Il giorno dopo essere stato costretto a dimettersi dal suo incarico vaticano e a rinunciare ai suoi diritti di cardinale, Angelo Becciu ha difeso le sue azioni e si è detto “pronto” a spiegare se chiamato dalle autorità giudiziarie vaticane.
Un articolo di Hannah Brockhaus, pubblicato sul Catholic News Agency (CNA), nella mia traduzione. 
Becciu Angelo, cardinale
 Il giorno dopo essere stato costretto a dimettersi dal suo incarico vaticano e a rinunciare ai suoi diritti di cardinale, Angelo Becciu ha difeso le sue azioni e si è detto “pronto” a spiegare se chiamato dalle autorità giudiziarie vaticane.
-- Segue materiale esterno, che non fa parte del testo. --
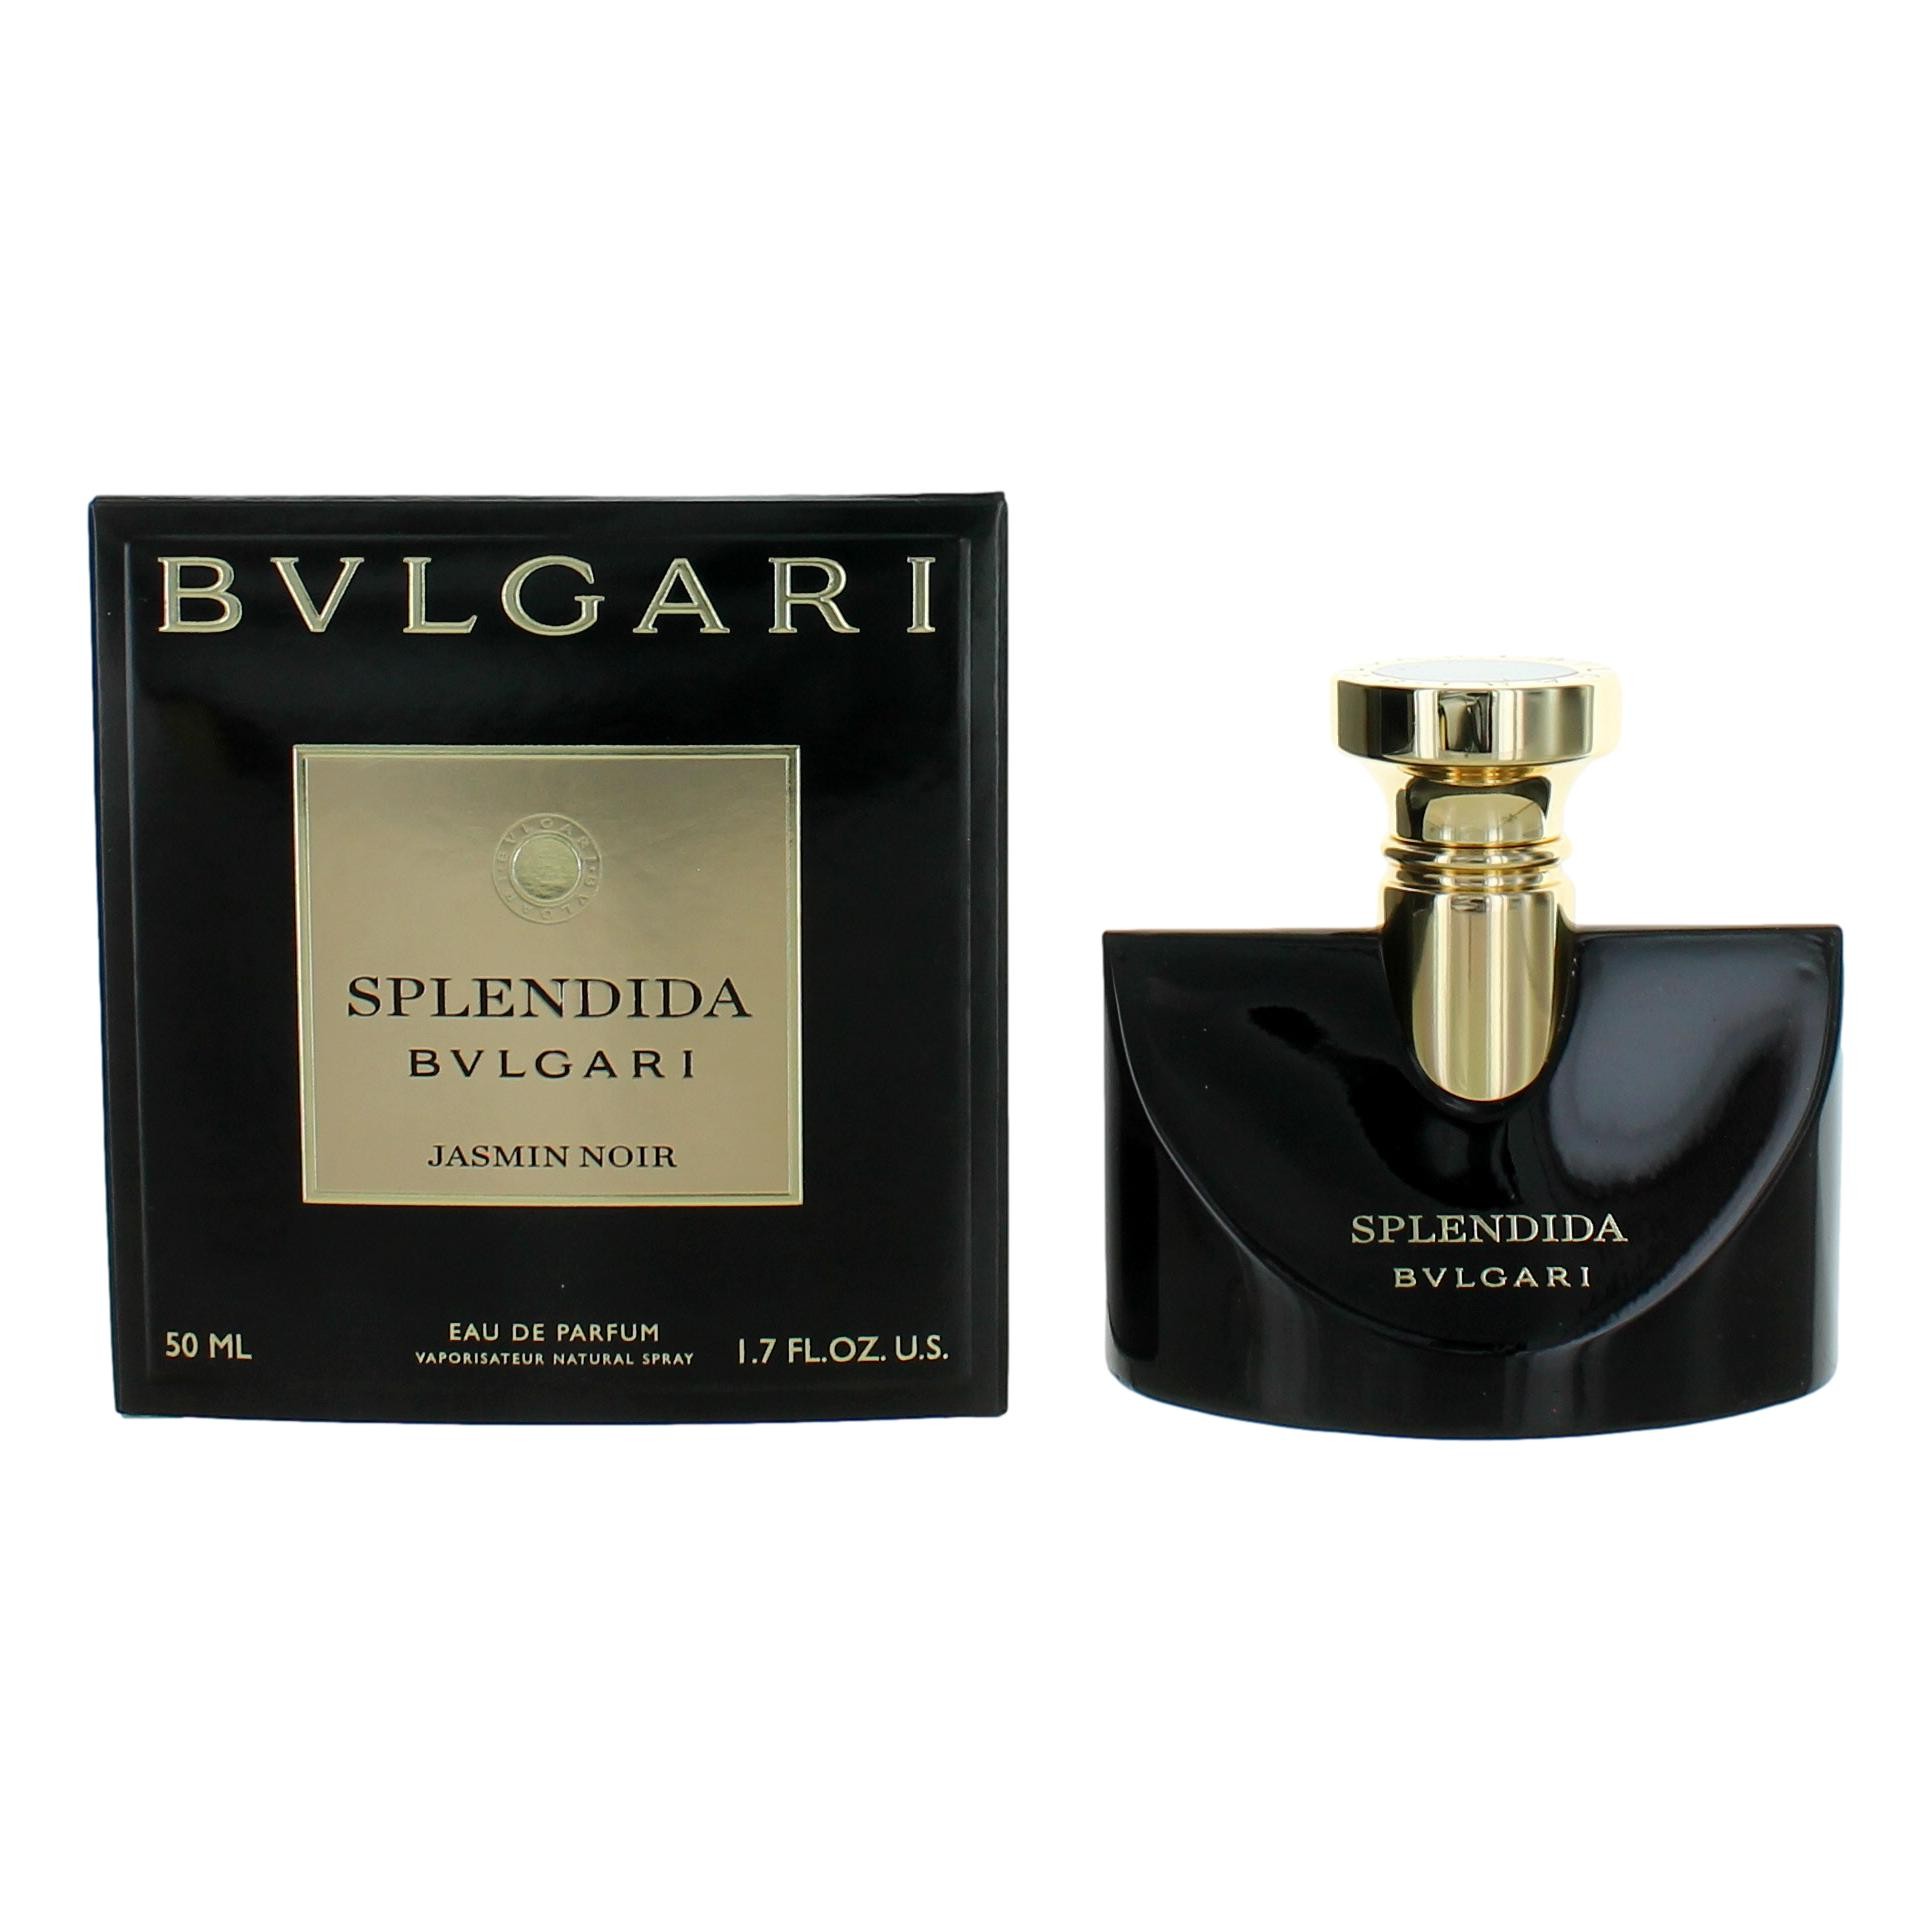 Bvlgari Splendida Jasmin Noir by Bvlgari 1.7 oz Eau De Parfum Spray for Women

“Non ho commesso alcun crimine”, ha detto Becciu ai giornalisti il 25 settembre. “Non ho ricevuto alcuna comunicazione da parte dei magistrati [vaticani]. Sono pronto. Se vogliono che spieghi [le mie azioni], lo farò”. 
“Mantengo la mia serenità”, ha detto. “Rinnovo la mia fiducia nel Santo Padre”.
Becciu ha parlato con i giornalisti in una conferenza stampa ad invito vicino al Vaticano il 25 settembre. CNA ha ottenuto una registrazione audio della conferenza stampa dopo lo svolgimento della stessa.
Il cardinale ha risposto alle domande sulle azioni da lui intraprese in qualità di “sostituto”, o di funzionario di secondo grado della Segreteria di Stato, dal 2011 al 2018.
Nuove notizie hanno rivelato che Becciu ha utilizzato milioni di euro di fondi della carità vaticana in investimenti speculativi e rischiosi, e che ha indirizzato il denaro del Vaticano e dei vescovi italiani verso “prestiti” per progetti posseduti e gestiti dai suoi fratelli. 
Gli investimenti speculativi sono stati fatti dal finanziere Enrico Crasso, che, ha riferito CNA in precedenza, ha ricevuto da Becciu il controllo di milioni di euro in fondi di investimento vaticani.
Becciu ha detto venerdì che non ha seguito le azioni di Crasso “passo dopo passo”, e che si sono incontrati solo una volta all’anno. Secondo Becciu, Crasso lo avrebbe informato di quali investimenti stesse facendo, “ma non è che mi stesse dicendo le ramificazioni di tutti questi investimenti”. 
“Non so” cosa facesse Crasso, ha detto Becciu.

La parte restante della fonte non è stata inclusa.